Andreas Rettig hat als neuer Geschäftsführer eine Herkulesaufgabe beim krisengeplagten DFB übernommen. Der Start wurde zudem durch atmosphärische Probleme überlagert. Ein Kommentar zur Lage.
Neuendorfs FehlerAndreas Rettig startet beim DFB mit großer Hypothek in neuen Job
„Von uns wird frischer Wind erwartet“. DFB-Präsident Bernd Neuendorf brachte es am Montag (18. September 2023) gleich auf den Punkt. Der schwerfällige Fußball-Verband aus Frankfurt, finanziell angeschlagen und im Auge vieler Fans als Grundübel allen Bösen gesehen, braucht dringend neue Impulse – nicht nur beim Bundestrainer-Posten.

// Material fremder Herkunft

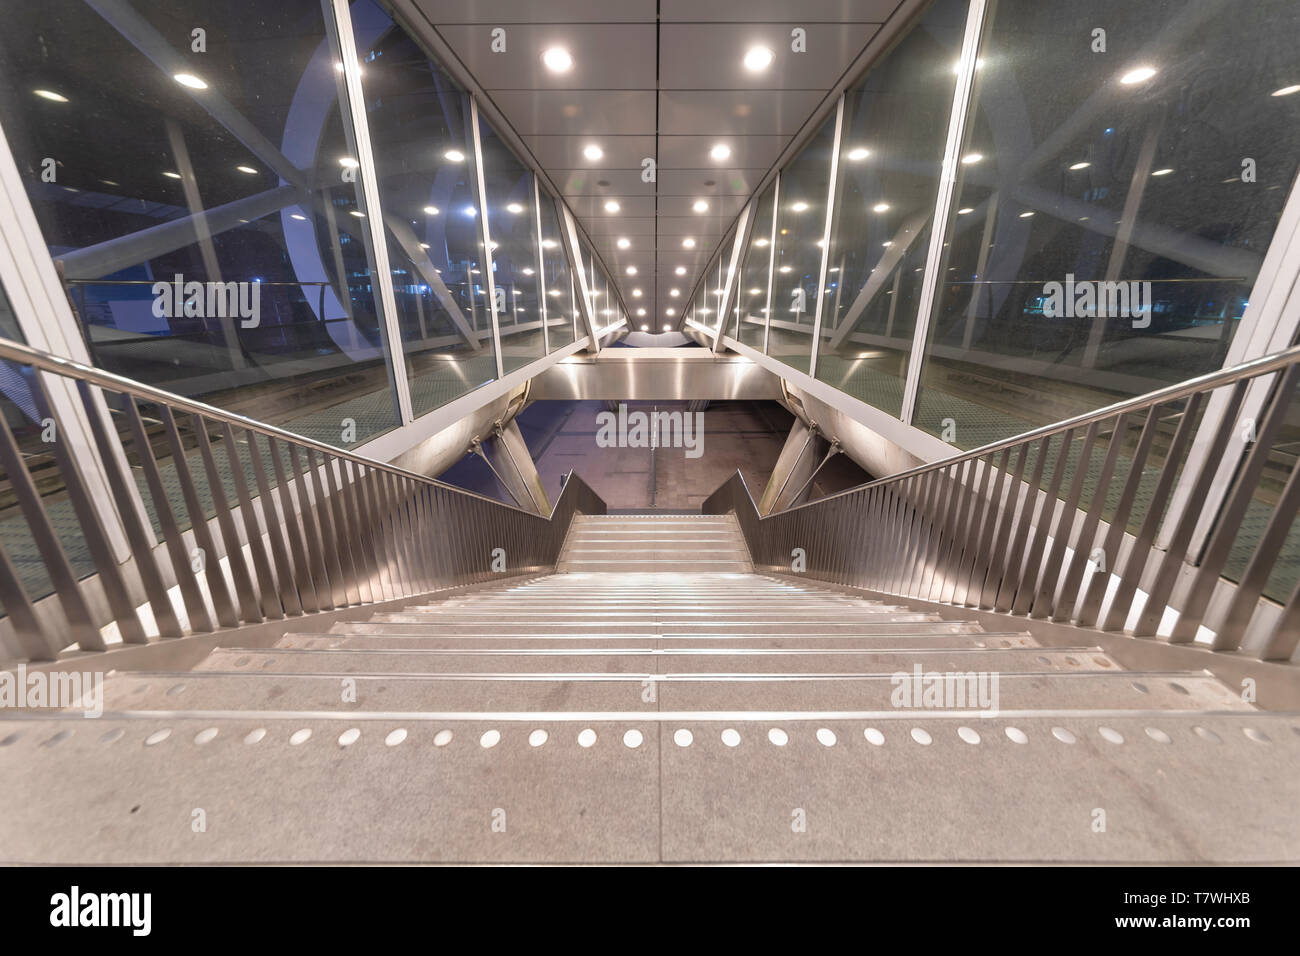 Beatrixkwartier (Beatrix district in Dutch) entrance East escalator getting out from tramway station in The Hague at night, Netherlands Stock Photo

Mit der Berufung von Andreas Rettig ist Neuendorf eine Personalentscheidung gelungen, die viele nicht auf dem Zettel hatten. Der langjährige Fußballfunktionär ist ein „Querdenker“ im positiven Sinne. Weniger Kommerz, mehr Fan-Nähe propagiert er seit Jahren. Genau in diesen Bereichen krankt es beim Fußballverband.
Andreas Rettig steht für weniger Kommerz und mehr Fan-Nähe
Dass mit Karl-Heinz Rummenigge und Oliver Mintzlaff ausgerechnet zwei Vertreter des klassischen Kommerz-Fußballs wütend losgepoltert haben, bejubeln die Gegner der „Weiter-so“-Ausrichtung. Dennoch hat der Präsident, der immer so stolz seine Brille auf der Stirn trägt, in diesem Fall den Durchblick vermissen lassen und dem Rettig-Neustart ein paar unnötige Kratzer verpasst.
Auch wenn er darauf beharrt, dass rein formell die Taskforce nicht über die Geschäftsführer-Personalie zu entscheiden habe, hätte er die Liga-Schwergewichte Bayern und Leipzig zumindest informieren sollen. Zwar hätte in München dann trotzdem niemand Hurra gerufen, immerhin wäre ein großer Kritikpunkt so im Vorfeld verhindert worden.
Überhaupt wirkte die ganze Bekanntgabe des Deals am vergangenen Freitag etwas überstürzt. Beim Bestreben, die Personalie „dicht zu halten“, wurden wichtige Protagonisten überrumpelt. Auch Sportdirektor Rudi Völler musste zunächst überall lesen, dass Rettig nun sein Vorgesetzter sei. Erst am Montag beeilte sich der DFB dann, wohlwollende Zitate von Völler und DFL-Boss Watzke zu verbreiten.
So hatten alle beim Start zunächst genug damit zu tun, das belastete Verhältnis zwischen Rettig und dem FC Bayern zu kommentieren und klarzustellen, dass der Kölner „nicht der neue Oliver Bierhoff“ sei. Wie der „streitbare Geist“ neuen Schwung in den Tanker DFB bringen will, das wird erst die Zukunft zeigen. Nach dem holprigen Start geht es nun an viele, viele Aufgaben.
Die Fußball-Fans können sich sicher sein, dass ihnen mehr Gehör geschenkt werden wird. Und Neuendorf sollte sich für die Zukunft merken, dass im Umgang mit Fußball-Größen nicht nur der reine Verweis auf Statuten reicht.